• Navy Revamps Physical Fitness Assessments, Increases Body Fat Limits

    The new body fat and fitness rules proposed in May by Navy Secretary Ray Mabus are set to be officially announced on Monday.

    In May, Mabus stated the need to integrate more women into the service at a speech in Annapolis, Md., and gave a commitment to opening all operational billets to women as well as increasing body fat limits. (RELATED: Navy Secretary Wants More Women In The Service, Proposes To Increase Body Fat Limits)

    Part of the current Physical Fitness Assessment (PFA) used in screening recruits includes a body composition component. With standards in this area lowered, more recruits will pass through to the exercise portion, as current rules exclude those who fail body composition from moving on further in the assessment, Stars and Stripes reports.

    Starting in the fall, failing body standards just means sailors will have to take nutritional counseling and join the Fitness Enhancement Program, rather than dropping out of the PFA entirely. In January, changes to allowable body fat percentages will come into effect. Men from 22 to 29 will be allowed up to 23 percent of body fat, an increase of 1 percent from their 18 to 21 counterparts. This increases to 24 percent for the 30 to 39 age bracket and to 26 percent for males over 40.

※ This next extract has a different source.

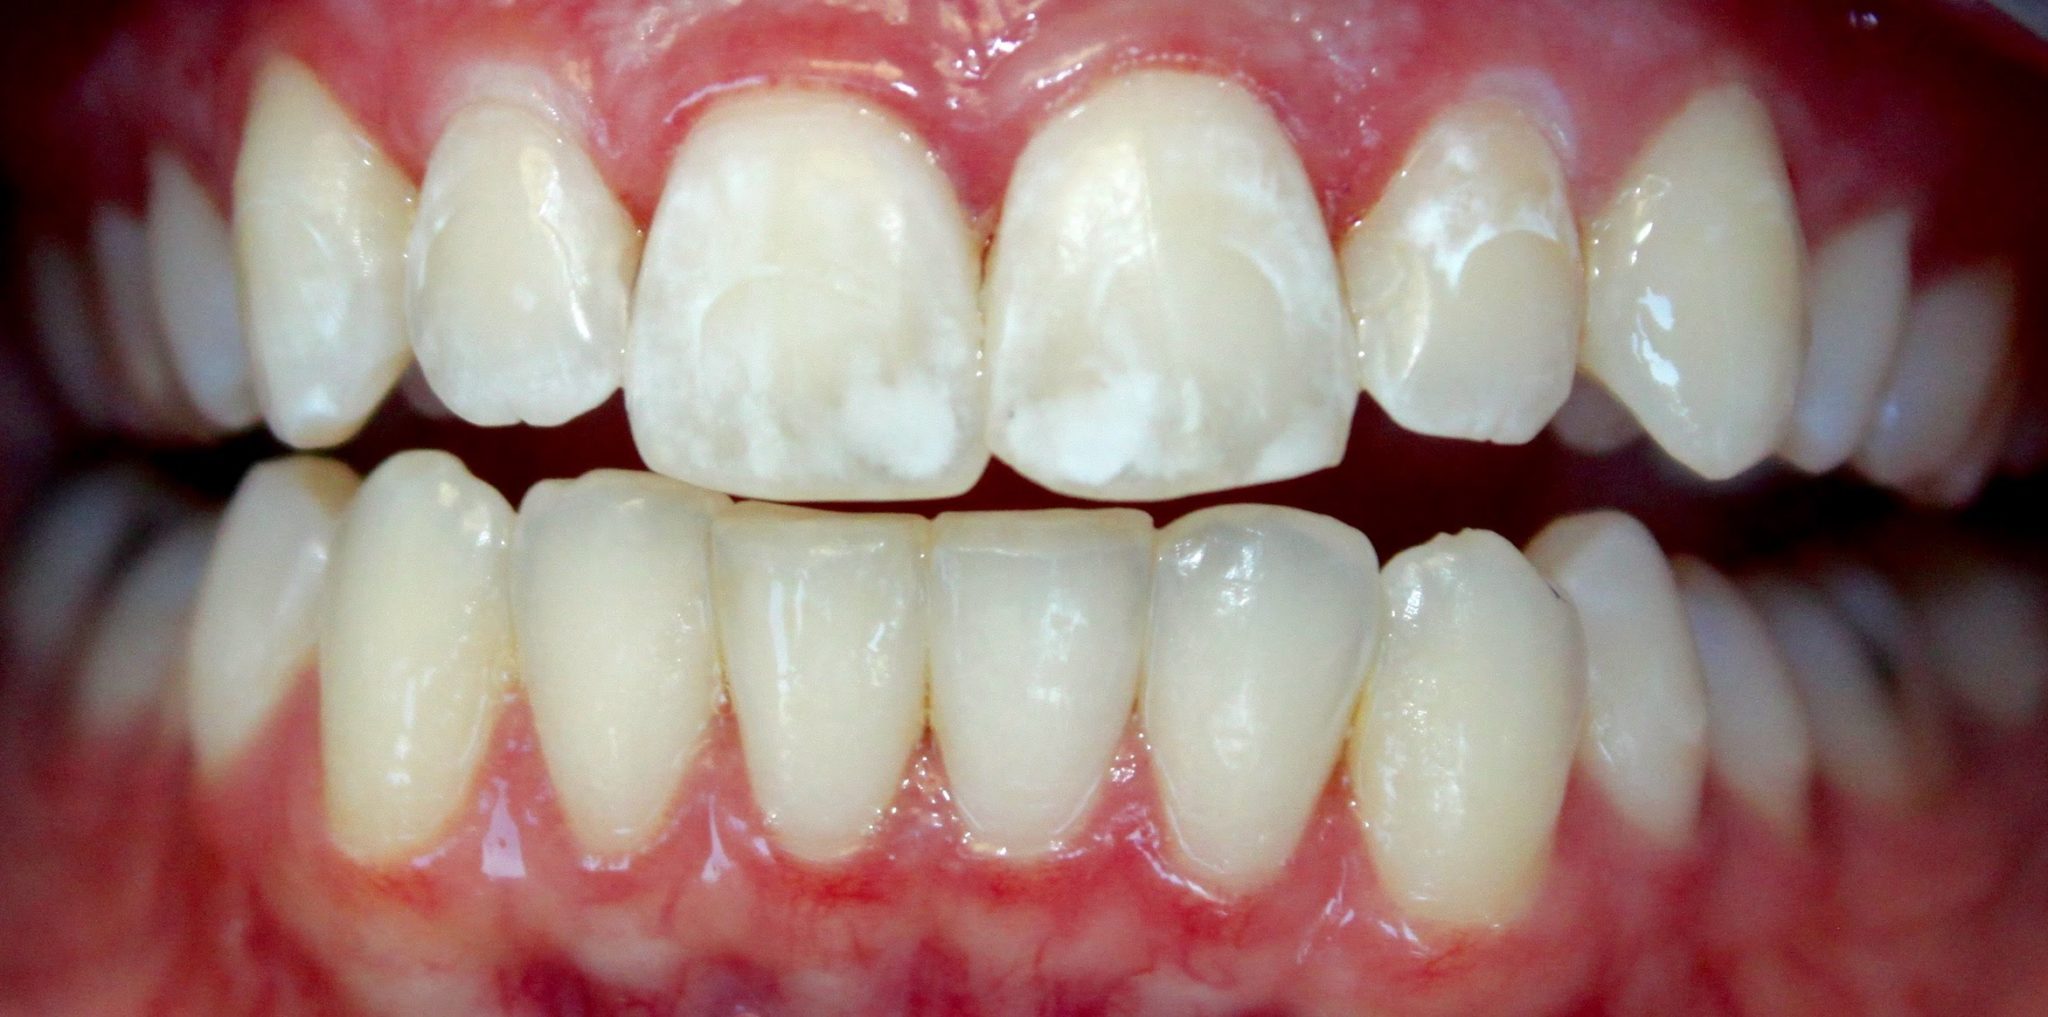 You have white spots on your teeth

    Similar changes will take place for women. The body fat percentage for women aged 18 to 21 is 33 percent. From 22 to 29, the percentage moves up to 34 percent. The 30 to 39 age bracket can hit up to 35 percent, and for over 40, 36 percent.

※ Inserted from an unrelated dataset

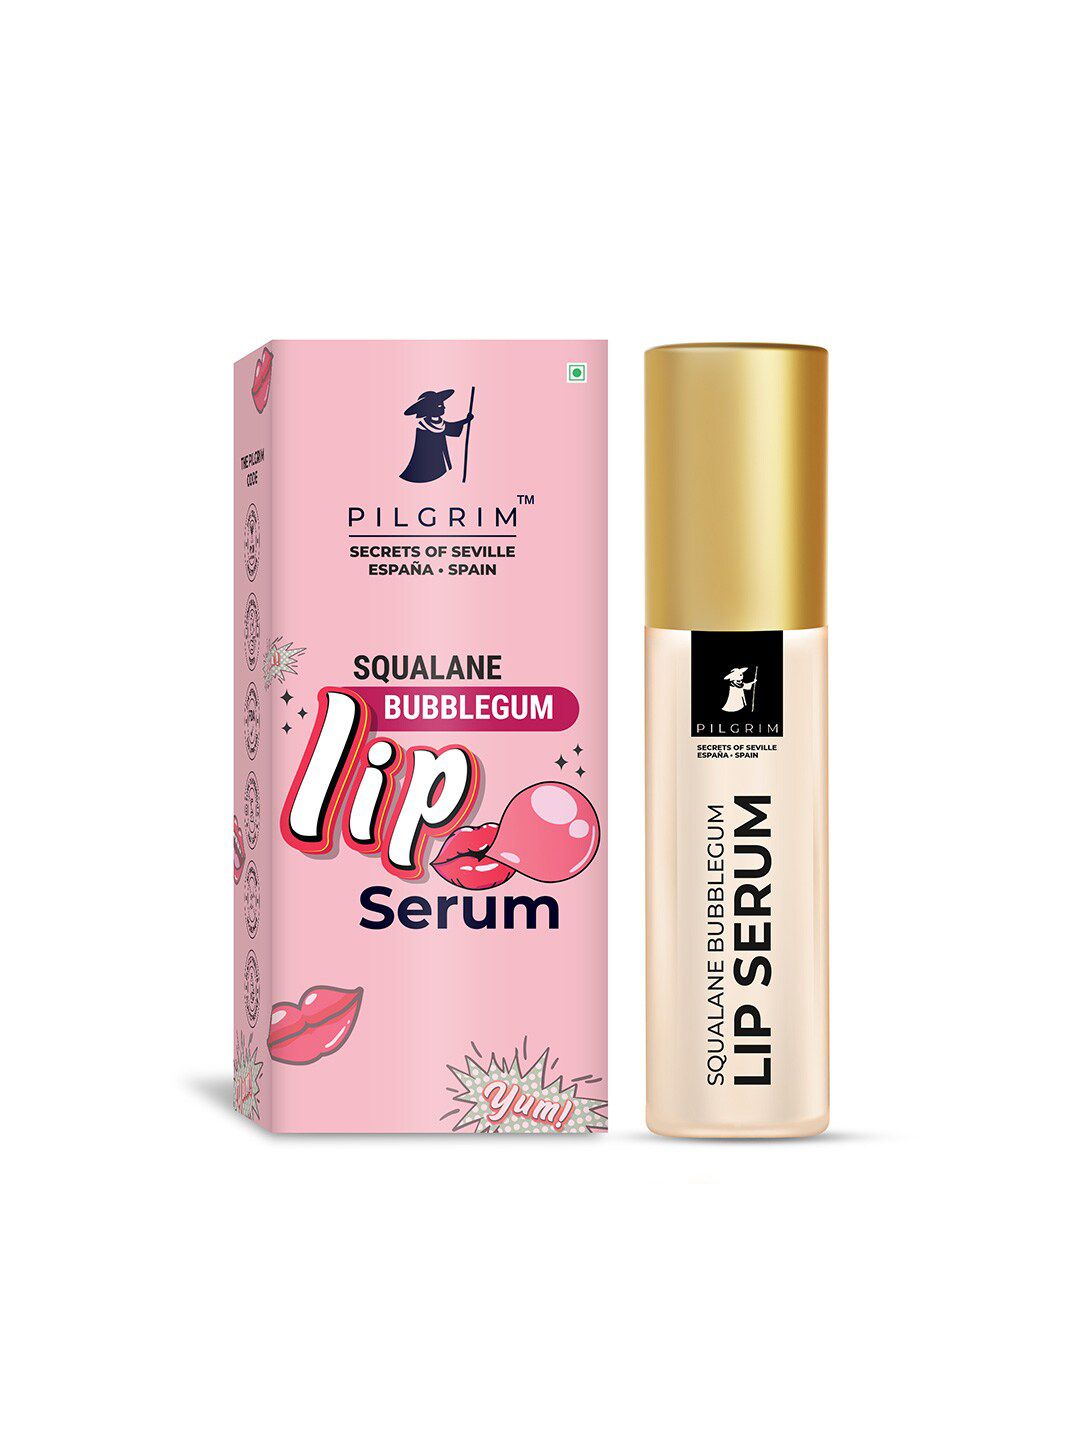 Pilgrim Squalane Bubblegum Lip Serum with roll-on for Visibly Plump, Soft & Supple Lips - 6ml Price in India

    Any sailors who don’t pass height and weight standards will just have their waist measured. Men are allowed 39 inches, and women 35.5 inches.

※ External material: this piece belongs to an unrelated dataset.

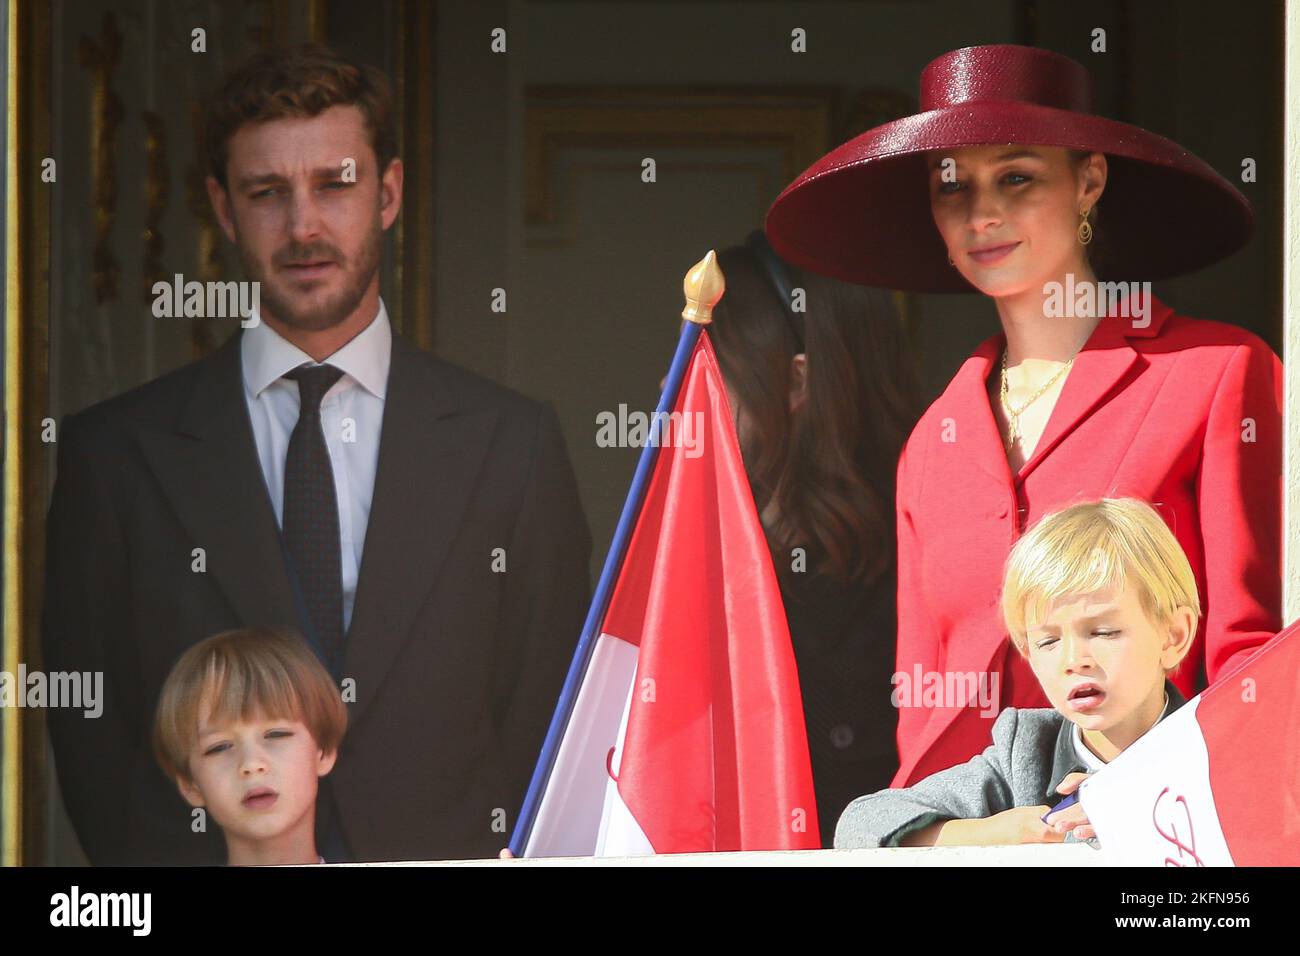 Princess Alexandra of Hanover, Pierre Casiraghi, Francesco Casiraghi, Stefano Casiraghi, Beatrice Borromeo are attending the parade at the palace balcony during the celebration for the National Day on November 19, 2022 in Monaco Ville, Principality of Monaco. Photo by Marco Piovanotto/IPA - NO TABLOIDS Stock Photo

    According to Navy officials, the idea is to move away from a system of “one size fits all.”

    “We like to speak of a culture of fitness, but we really haven’t implemented a culture of fitness across the Navy,” Vice Adm. Bill Moran, chief of naval personnel, told Navy Times. “Fitness should truly be about being healthy and mission readiness — Are you physically fit for times of combat and stress in the fleet? We need a system that speaks to better health, to the readiness of our sailors. And part of that is, are we doing things to encourage a culture of fitness?”

    The physical fitness assessment occurs twice a year. In 2014, 5,000 sailors failed—first and foremost because they couldn’t pass the body composition assessment (BCA). Navy officials have even considered completely tossing out the BCA in the future.